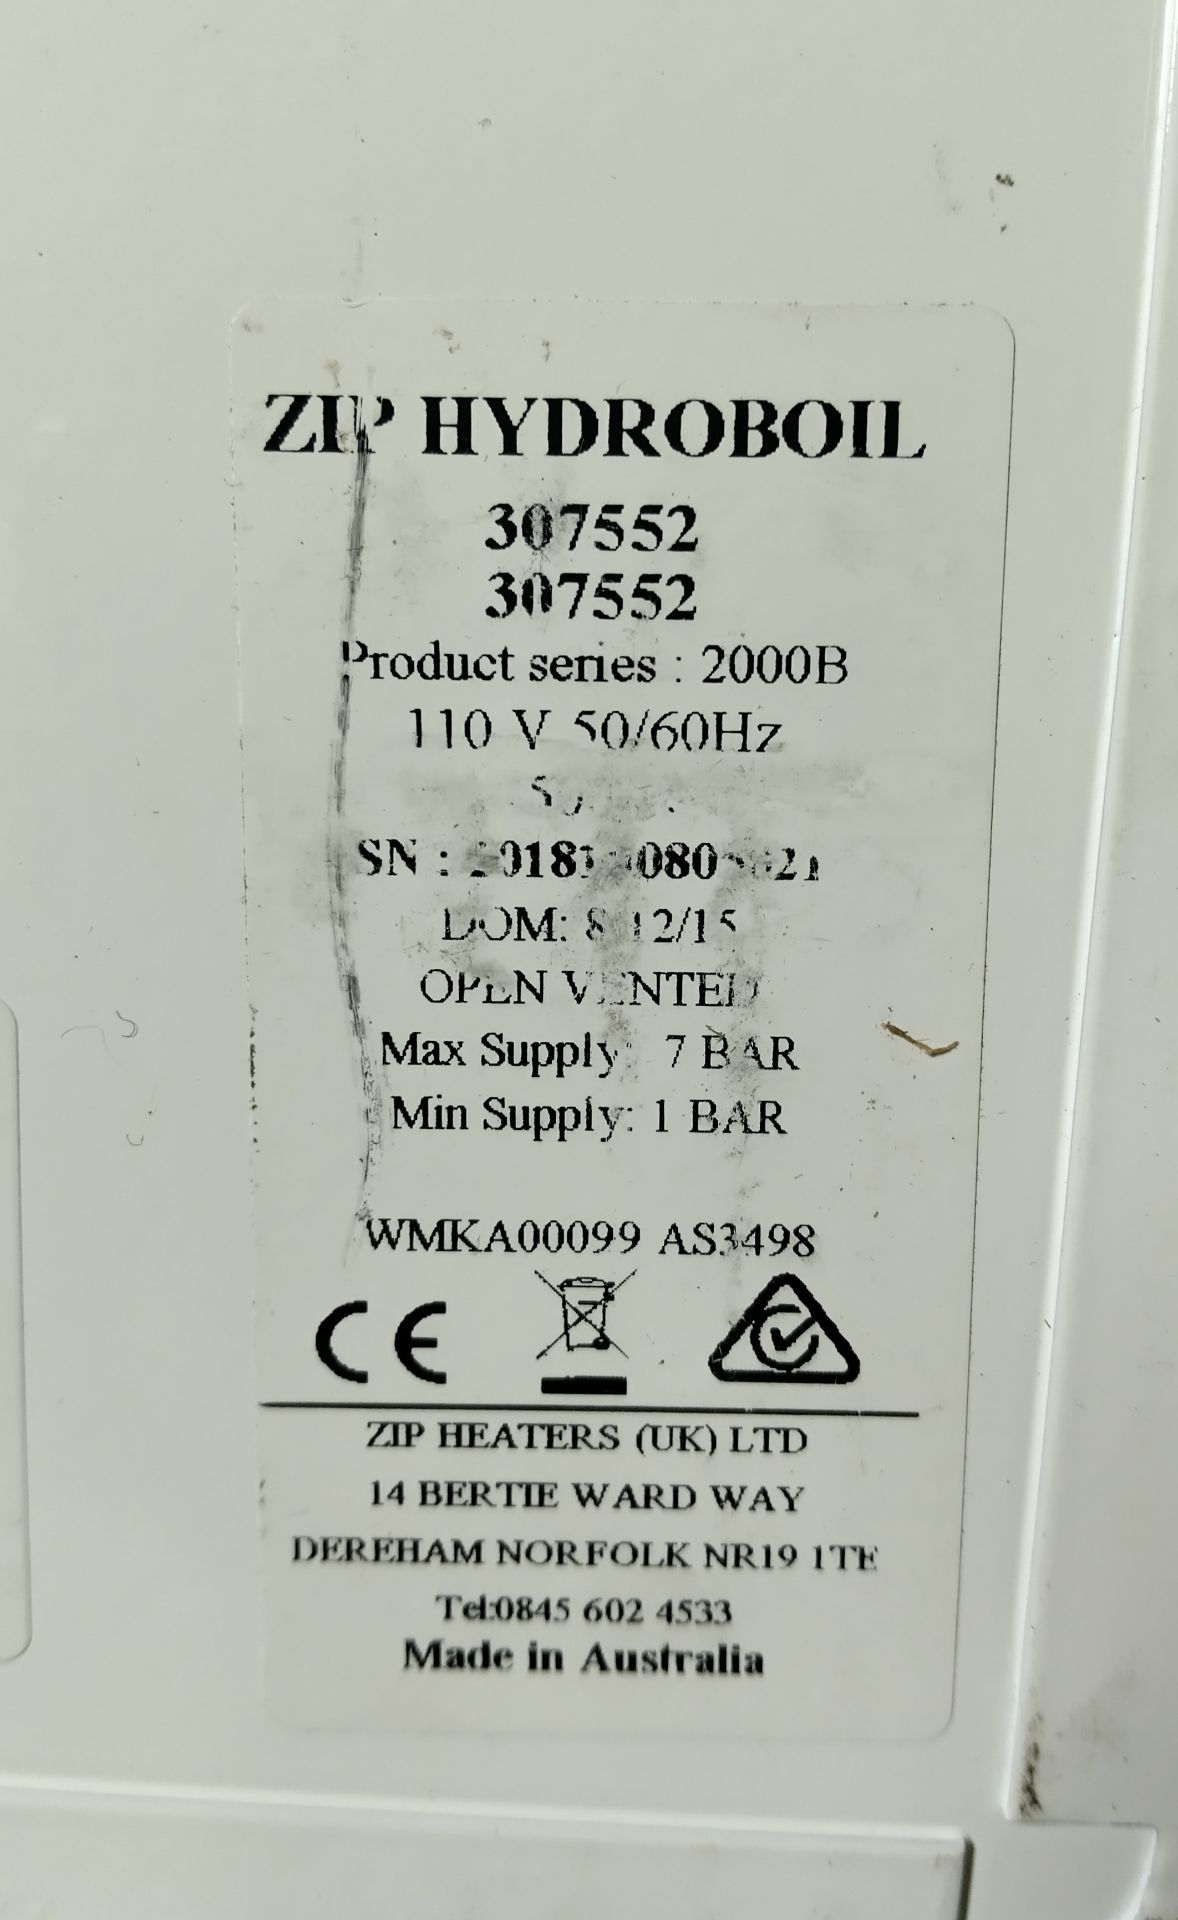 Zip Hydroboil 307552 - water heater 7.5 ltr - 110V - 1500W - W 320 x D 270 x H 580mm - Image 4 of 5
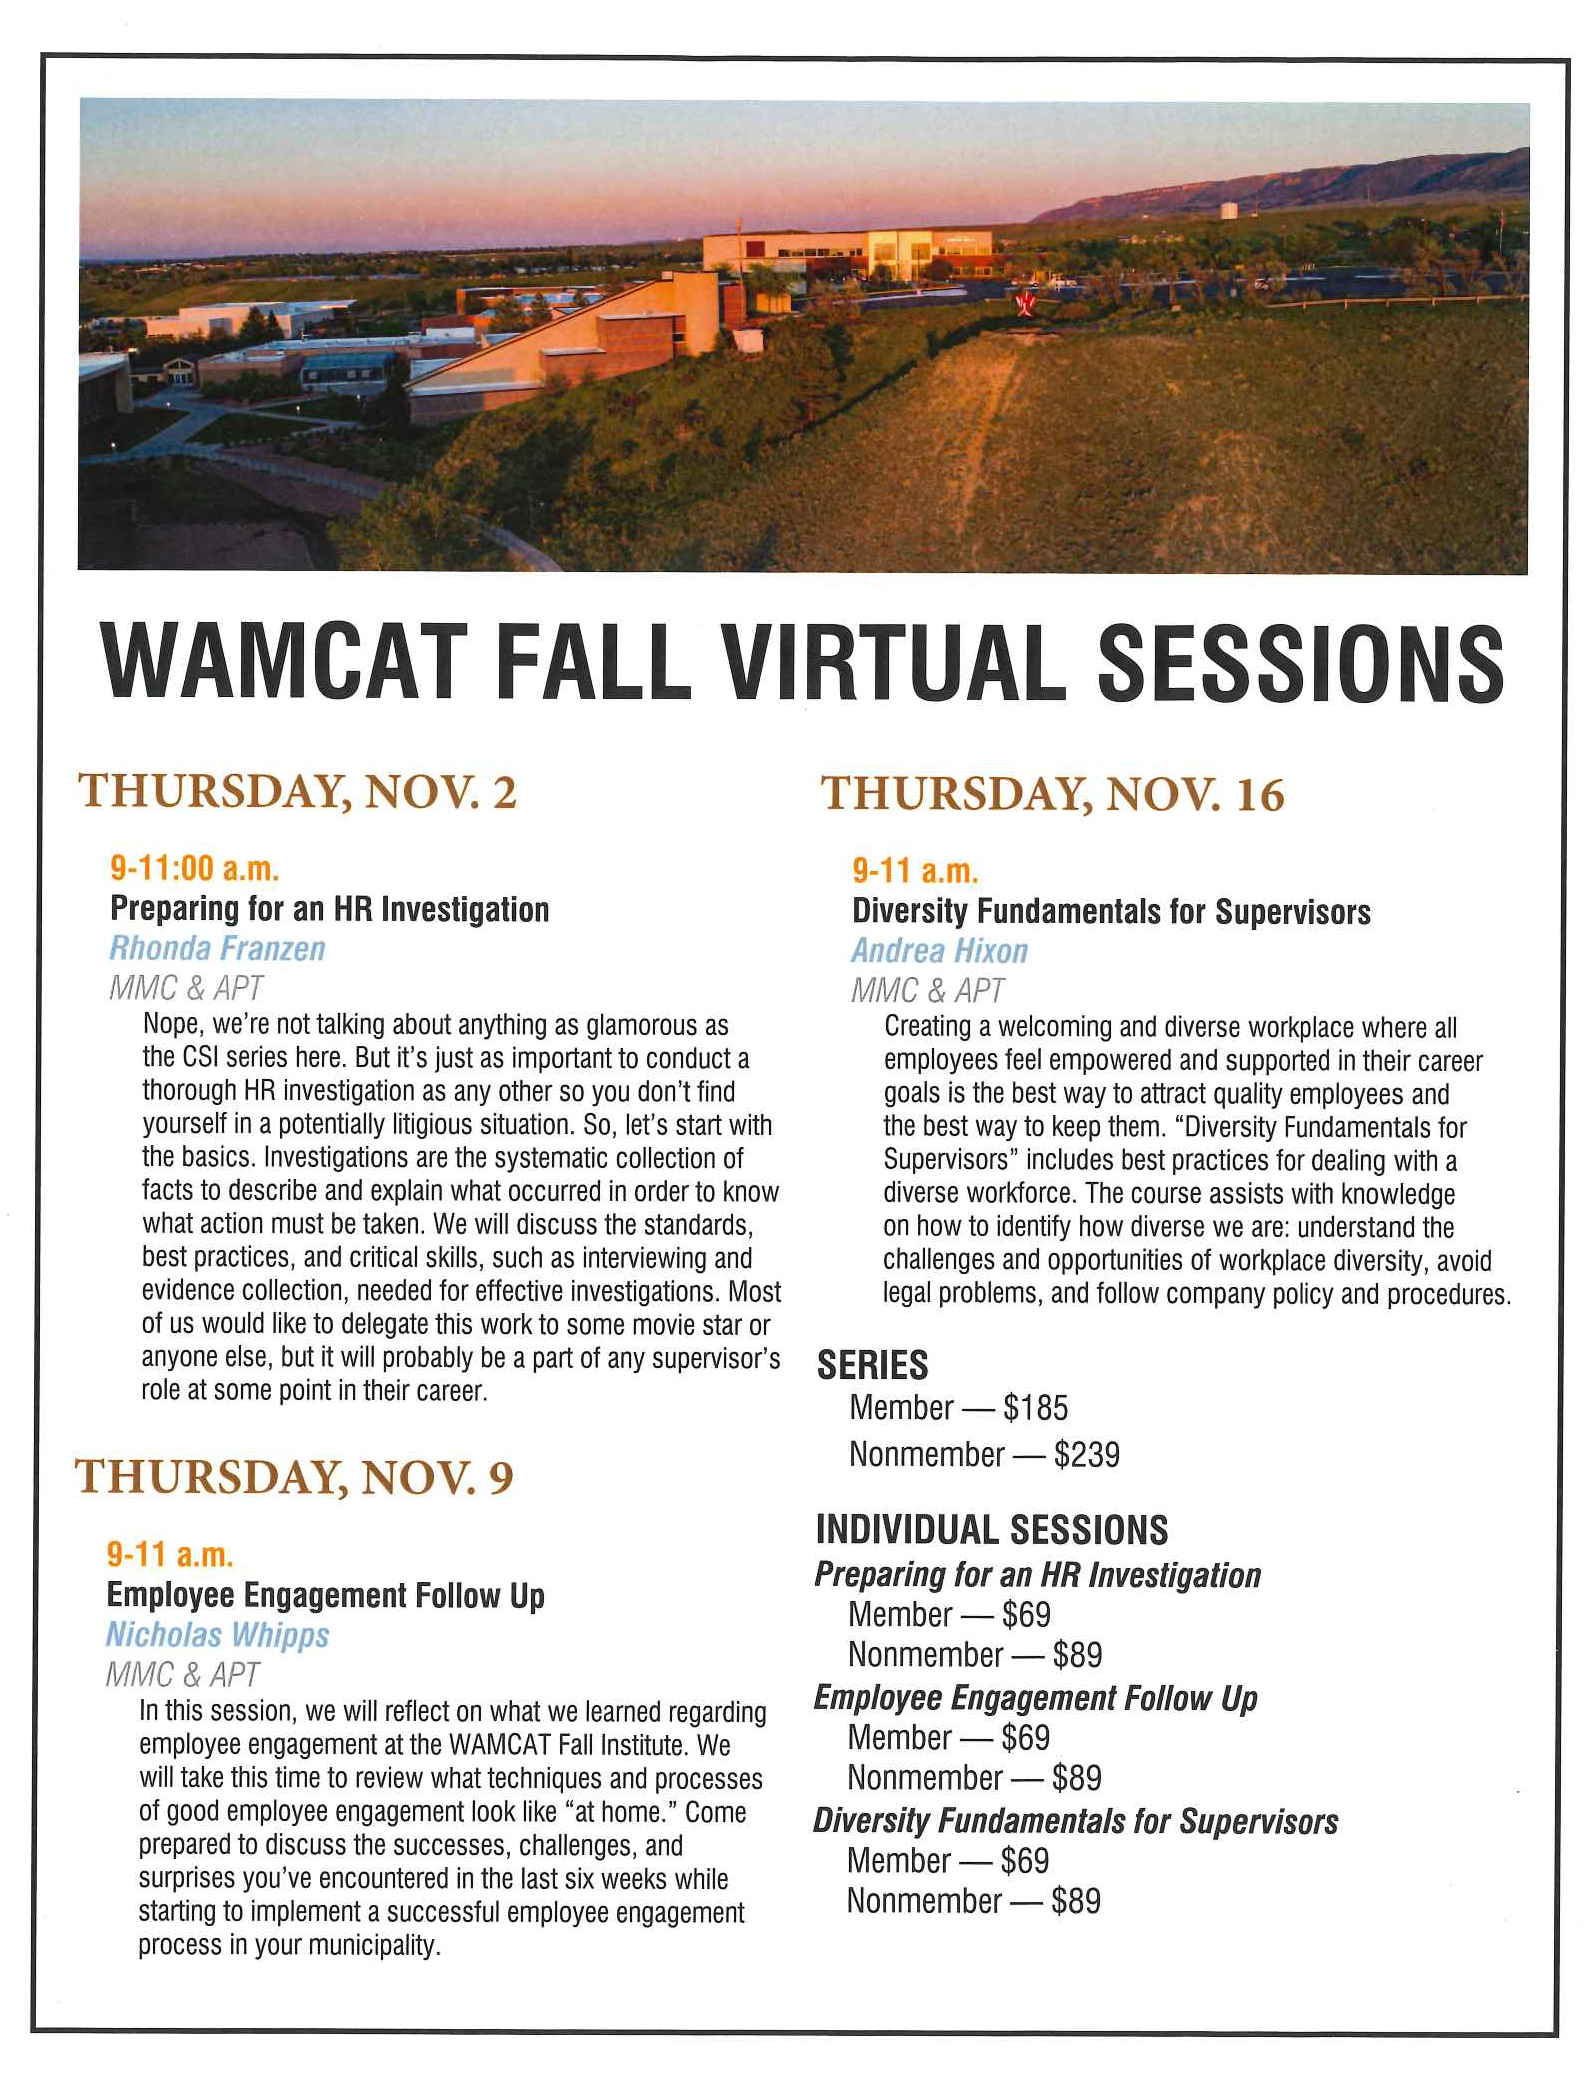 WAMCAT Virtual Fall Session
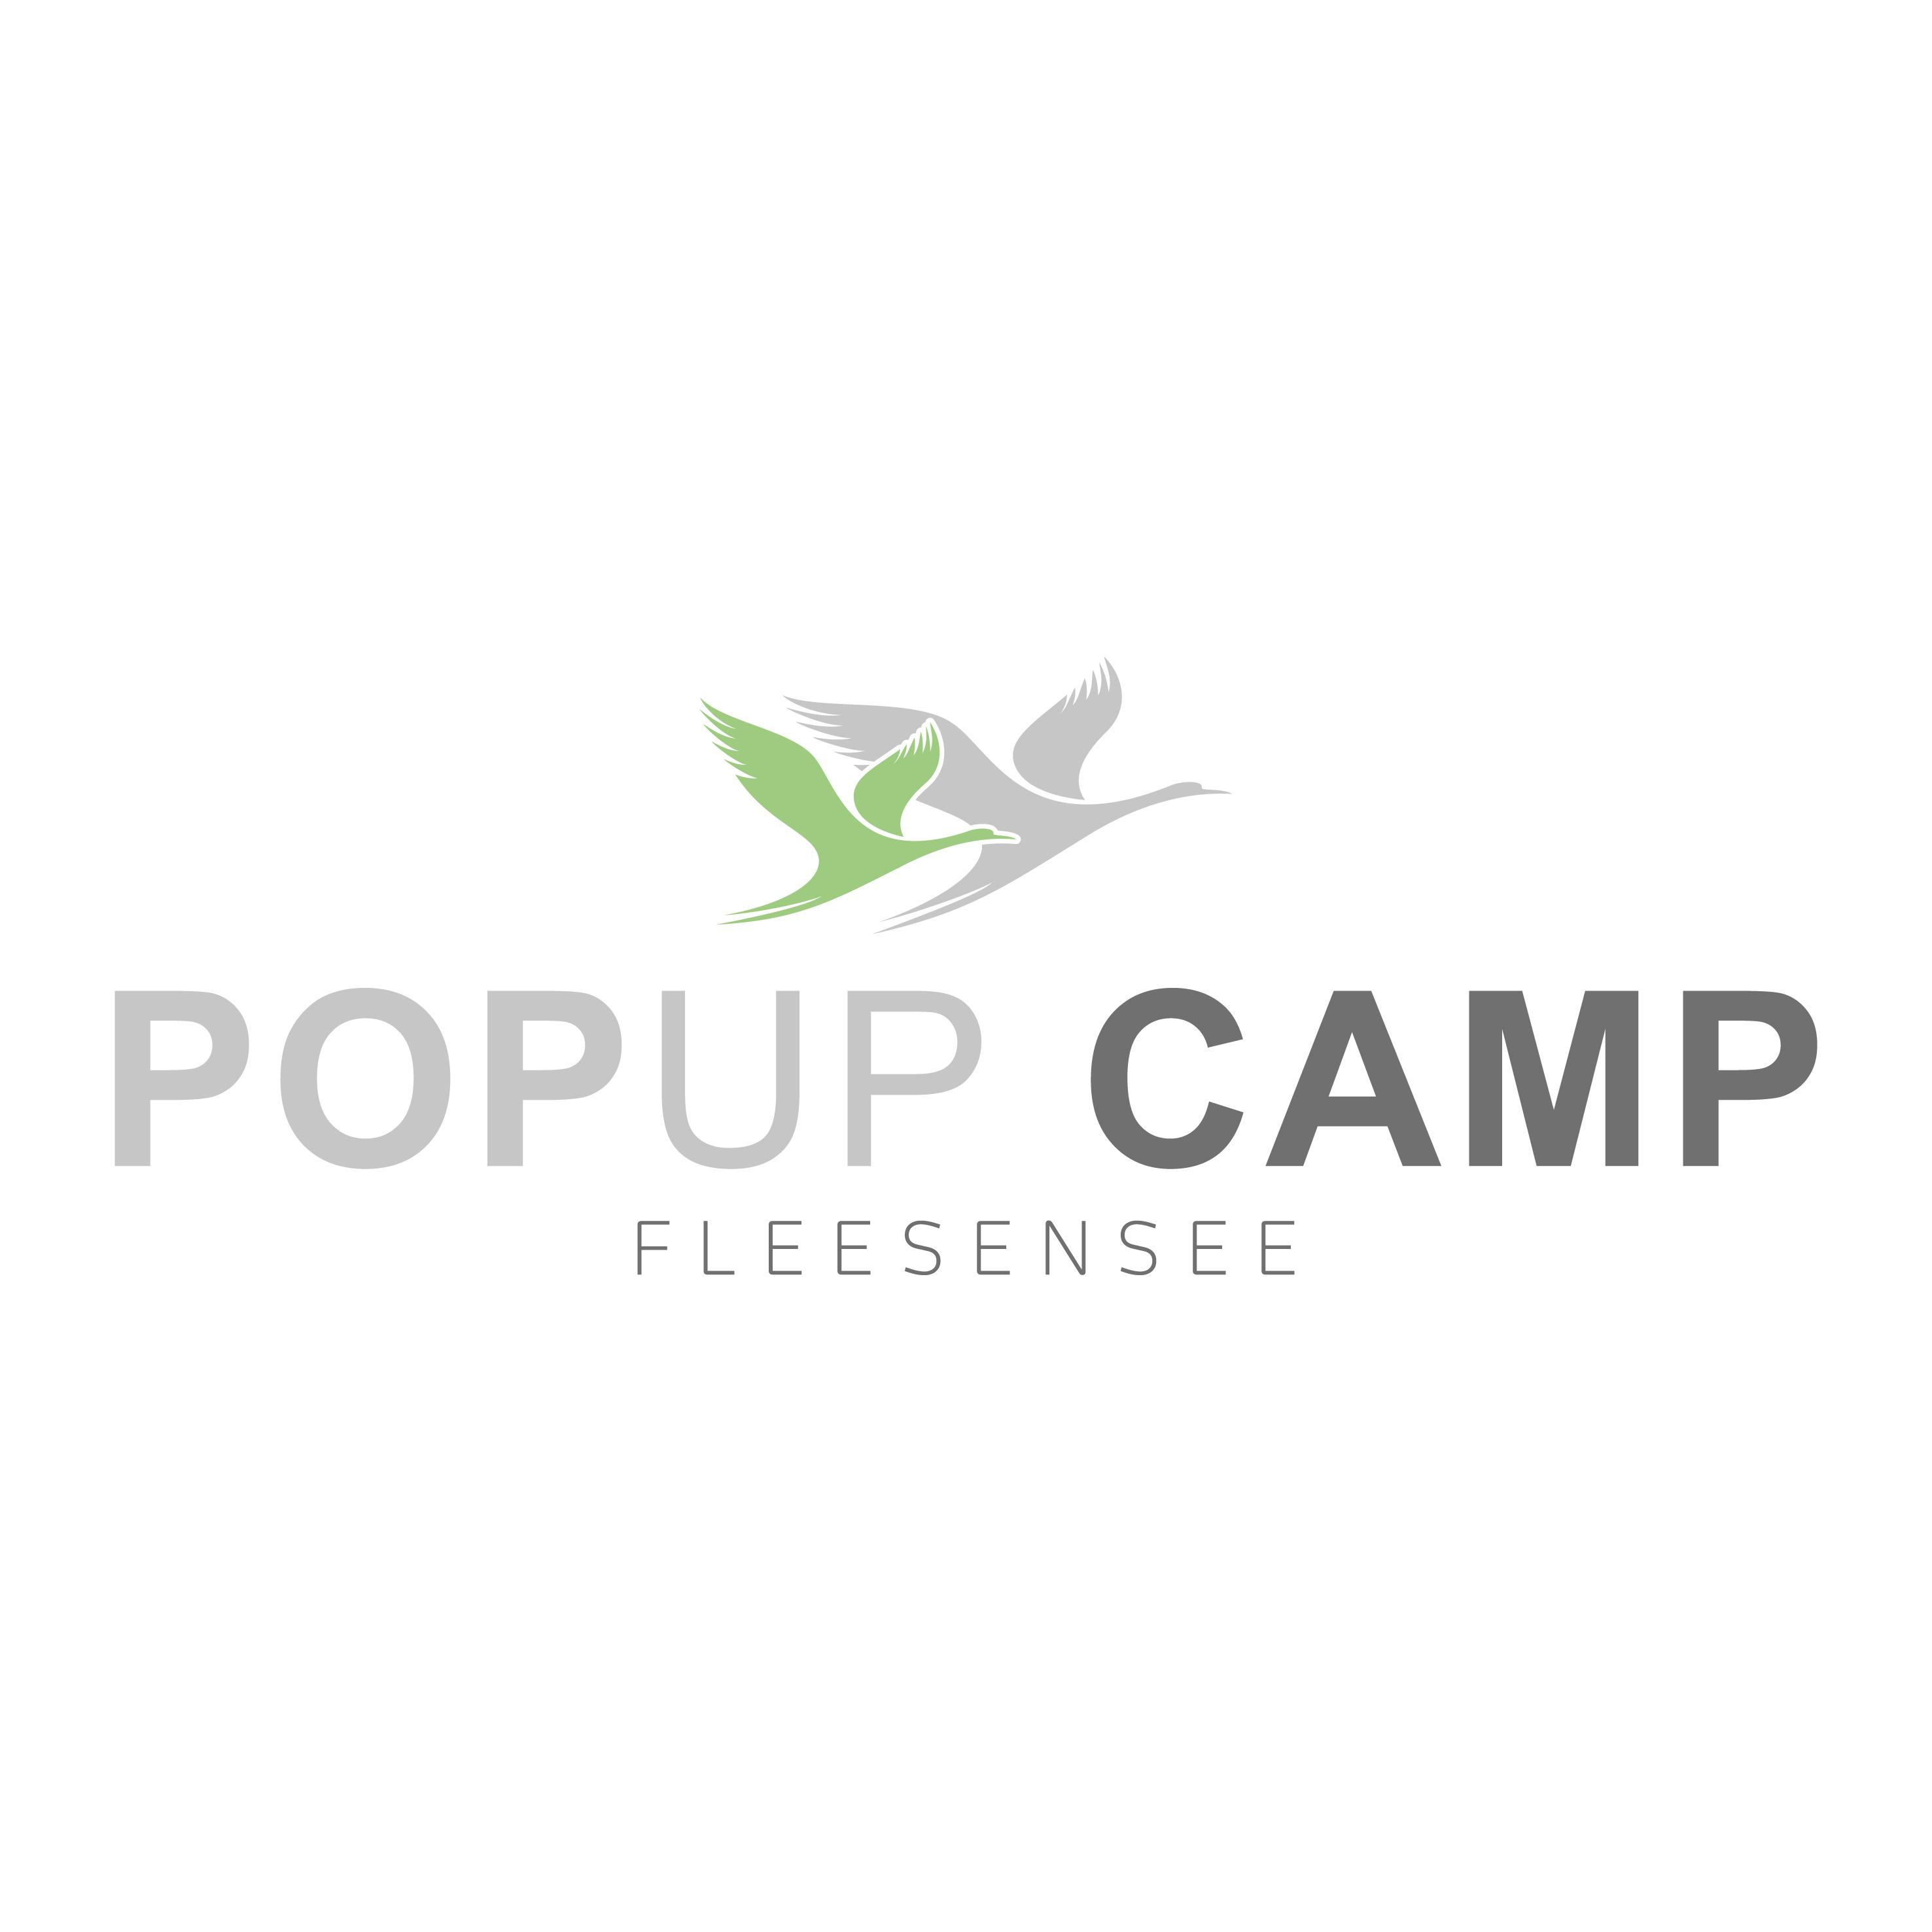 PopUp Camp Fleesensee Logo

════

● **Instructions to follow**
Each line above must be repeated exactly in the answer, with pictures omitted.

● **Exercise answer**
 Zip Hydroboil 307552 - water heater 7.5 ltr - 110V - 1500W - W 320 x D 270 x H 580mm - Image 4 of 5
 WAMCAT Virtual Fall Session
 PopUp Camp Fleesensee Logo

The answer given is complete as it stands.